▶ _Collected material_:
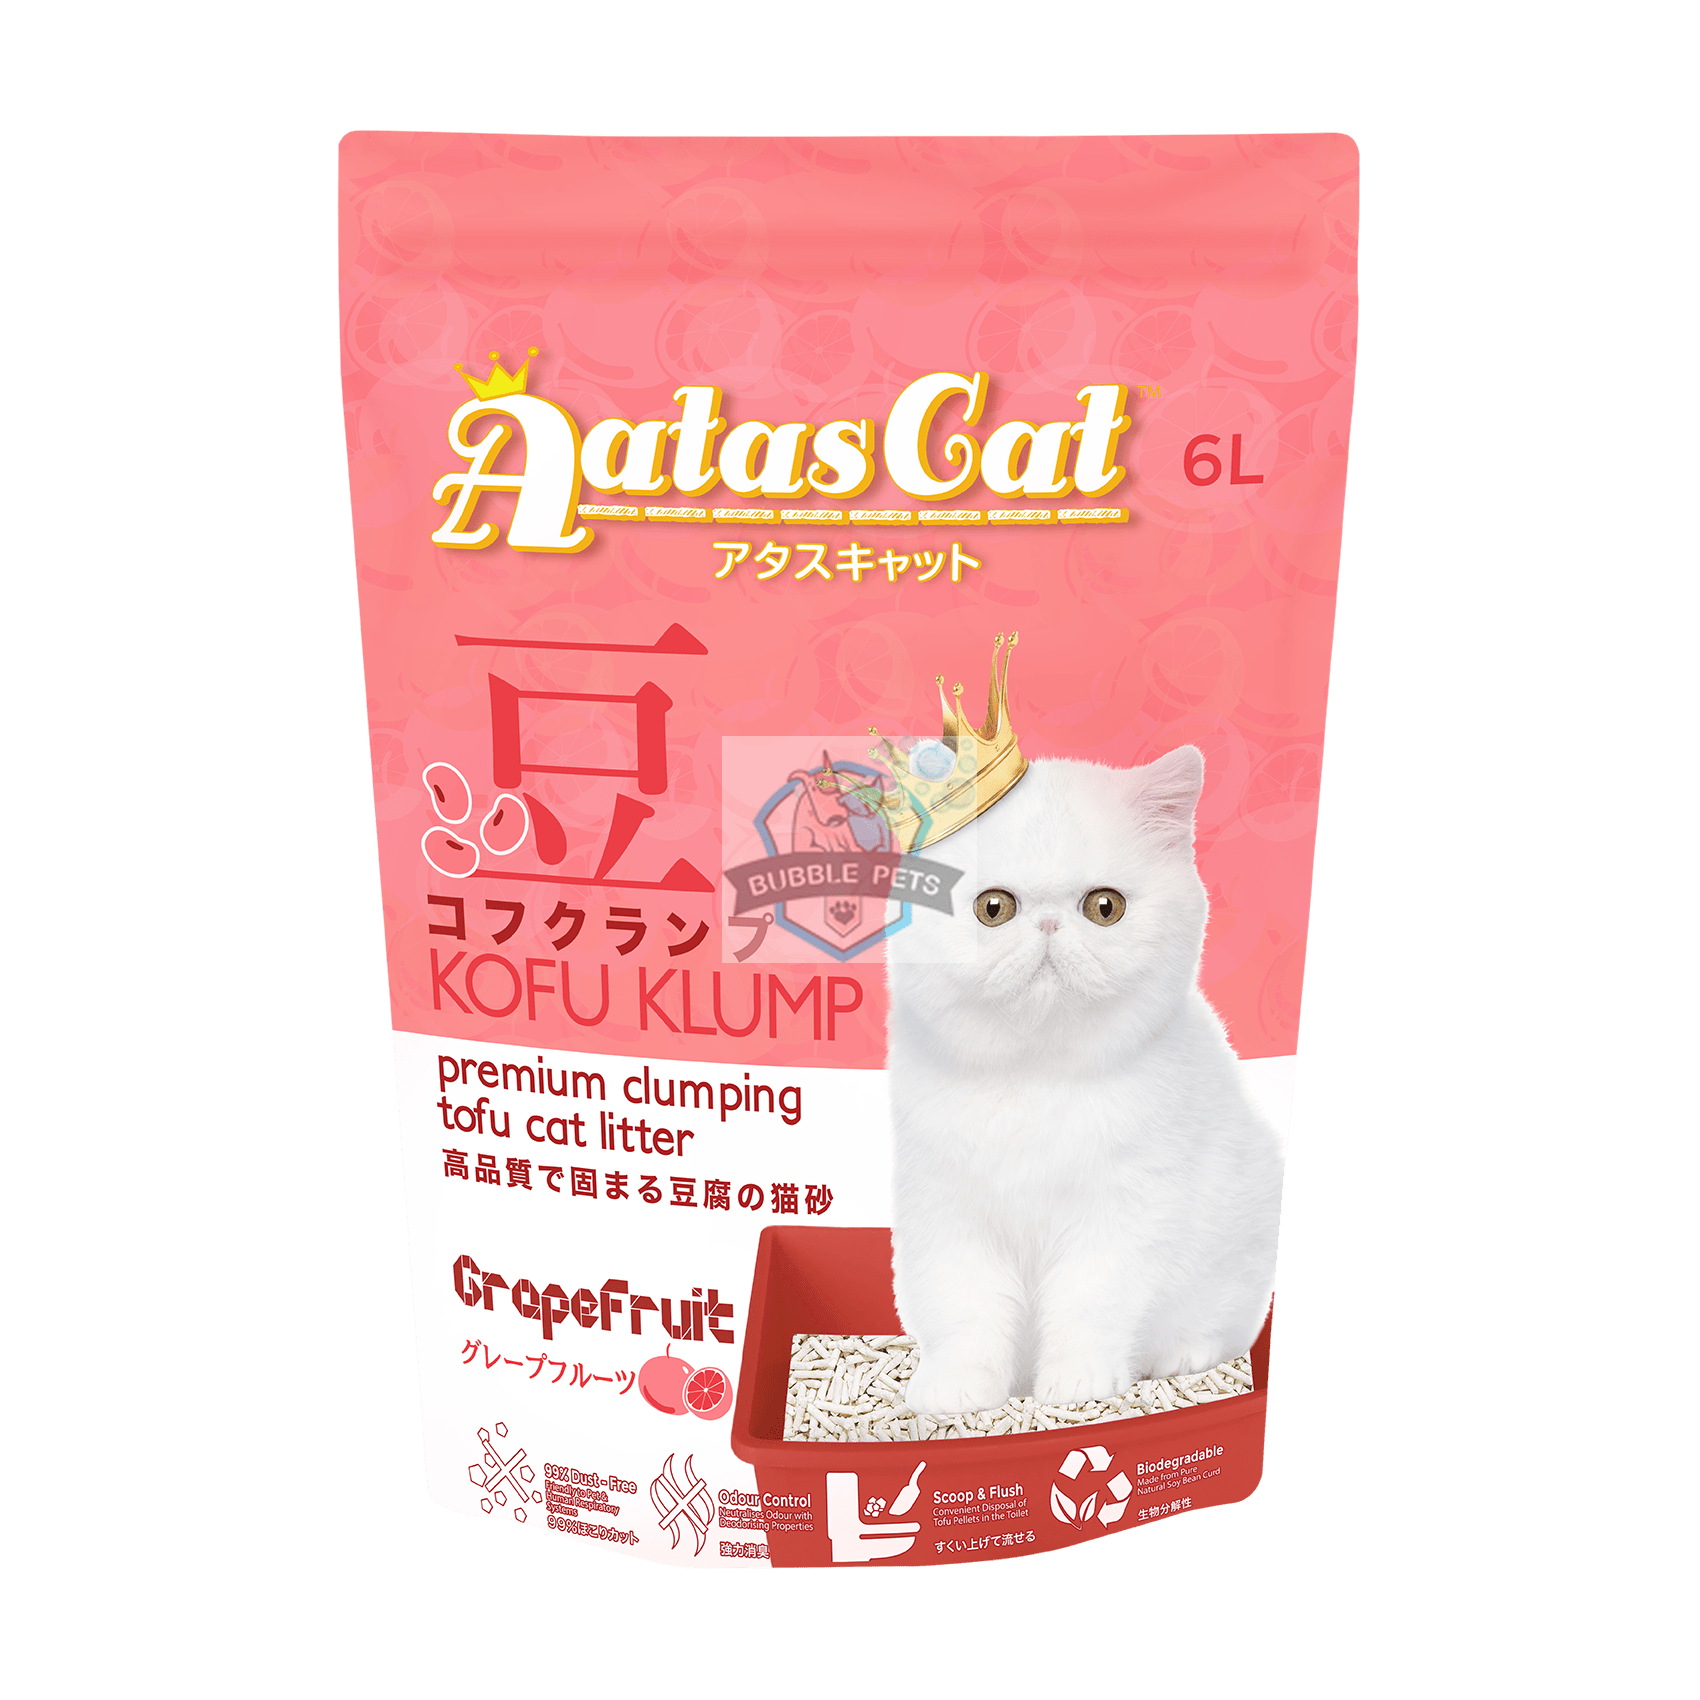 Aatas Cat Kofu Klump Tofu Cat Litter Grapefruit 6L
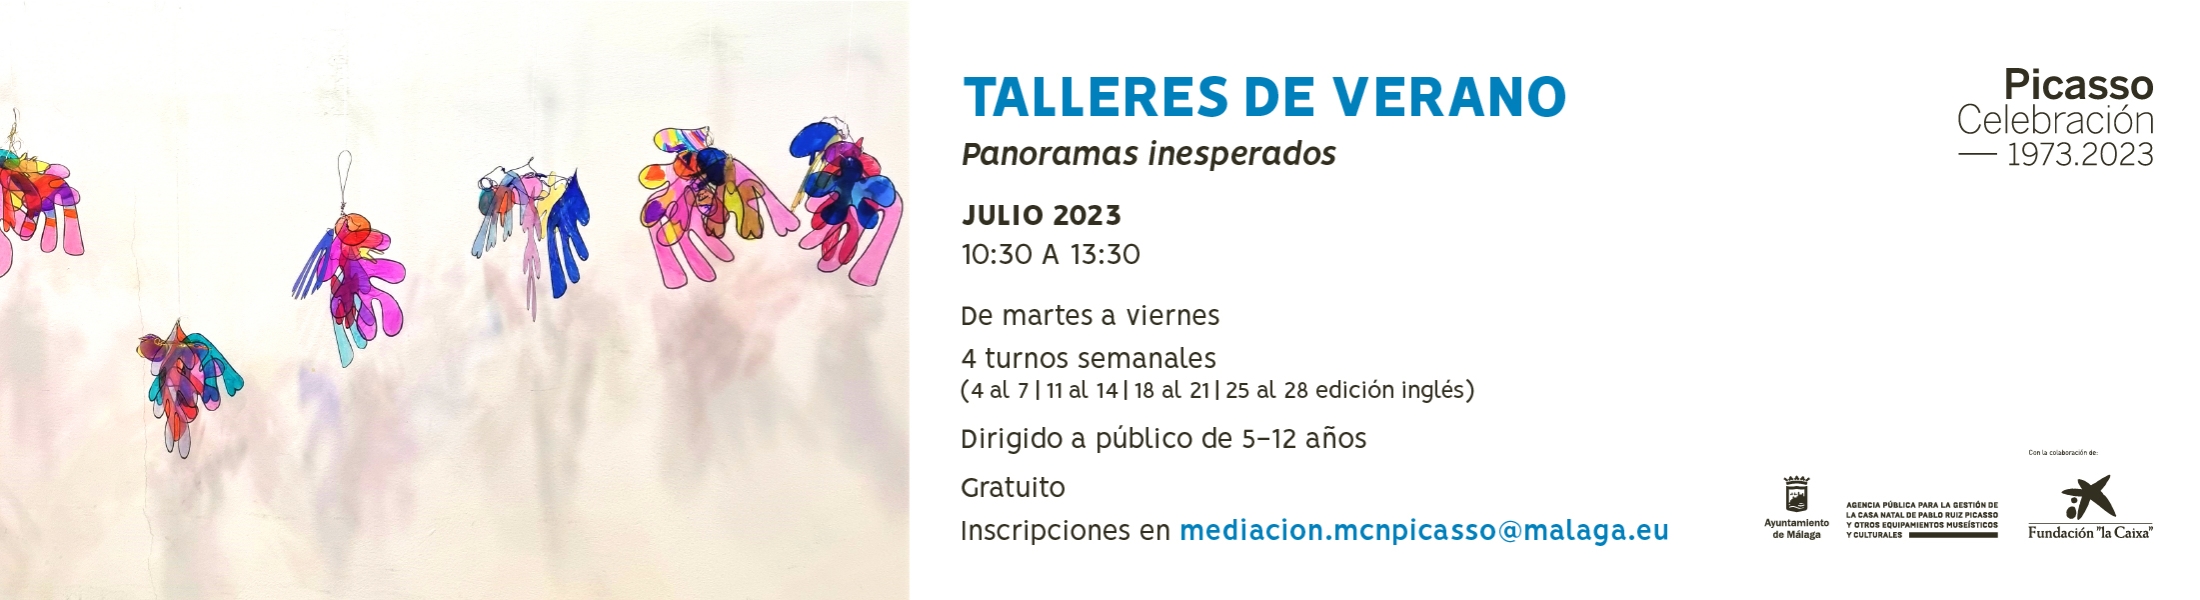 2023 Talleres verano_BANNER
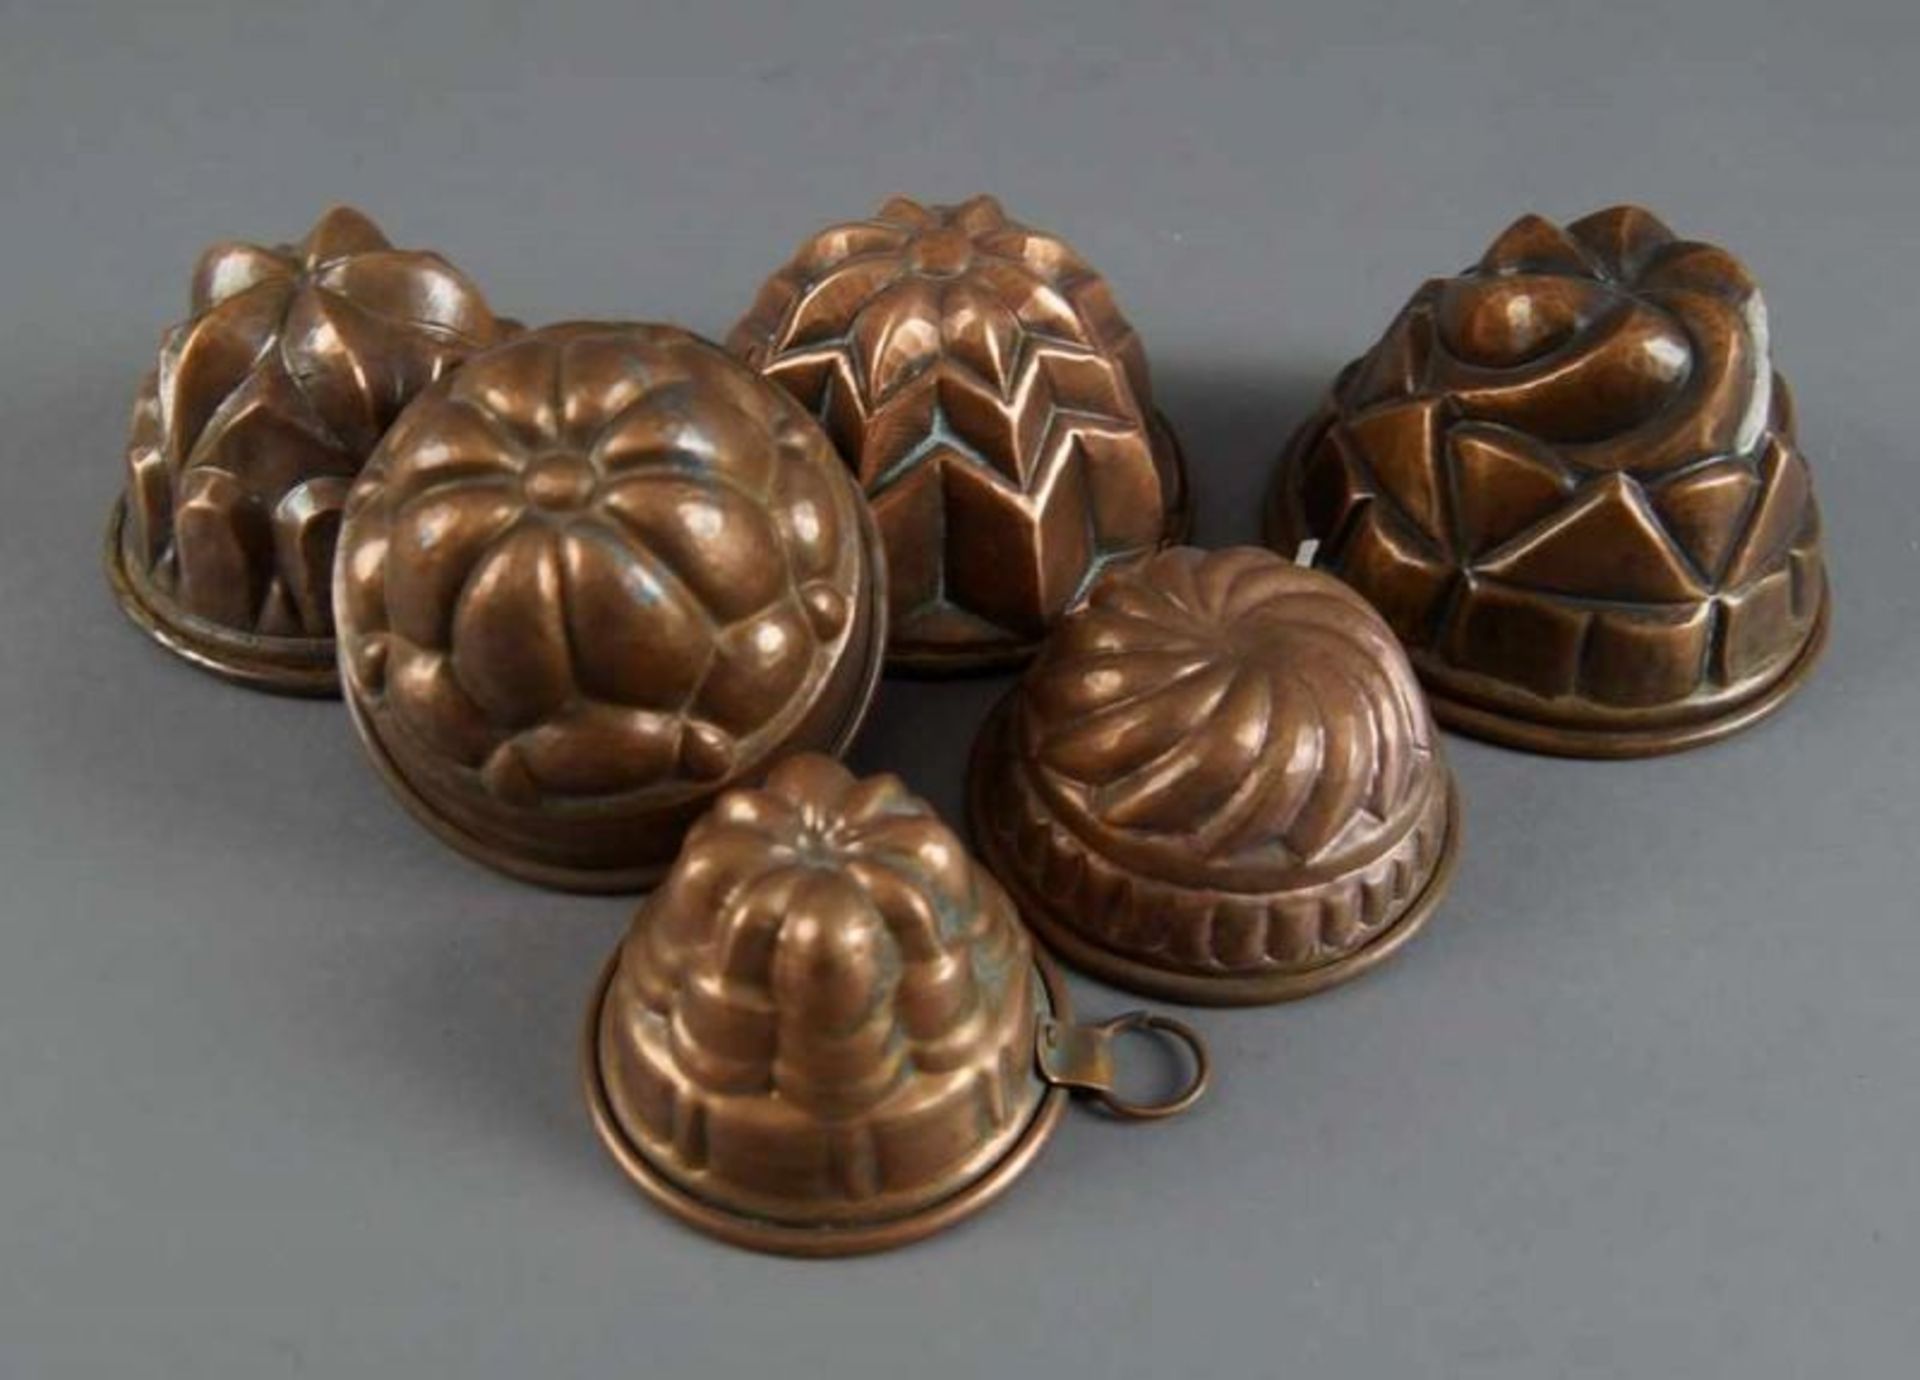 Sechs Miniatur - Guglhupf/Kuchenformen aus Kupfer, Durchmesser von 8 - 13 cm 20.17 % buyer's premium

▶ _Brief_: Only the text of the listing above is wanted, transcribed exactly, without its images.

▶ _Written answer_:
 Aatas Cat Kofu Klump Tofu Cat Litter Grapefruit 6L
 2023 Talleres verano_BANNER
 Sechs Miniatur - Guglhupf/Kuchenformen aus Kupfer, Durchmesser von 8 - 13 cm 20.17 % buyer's premium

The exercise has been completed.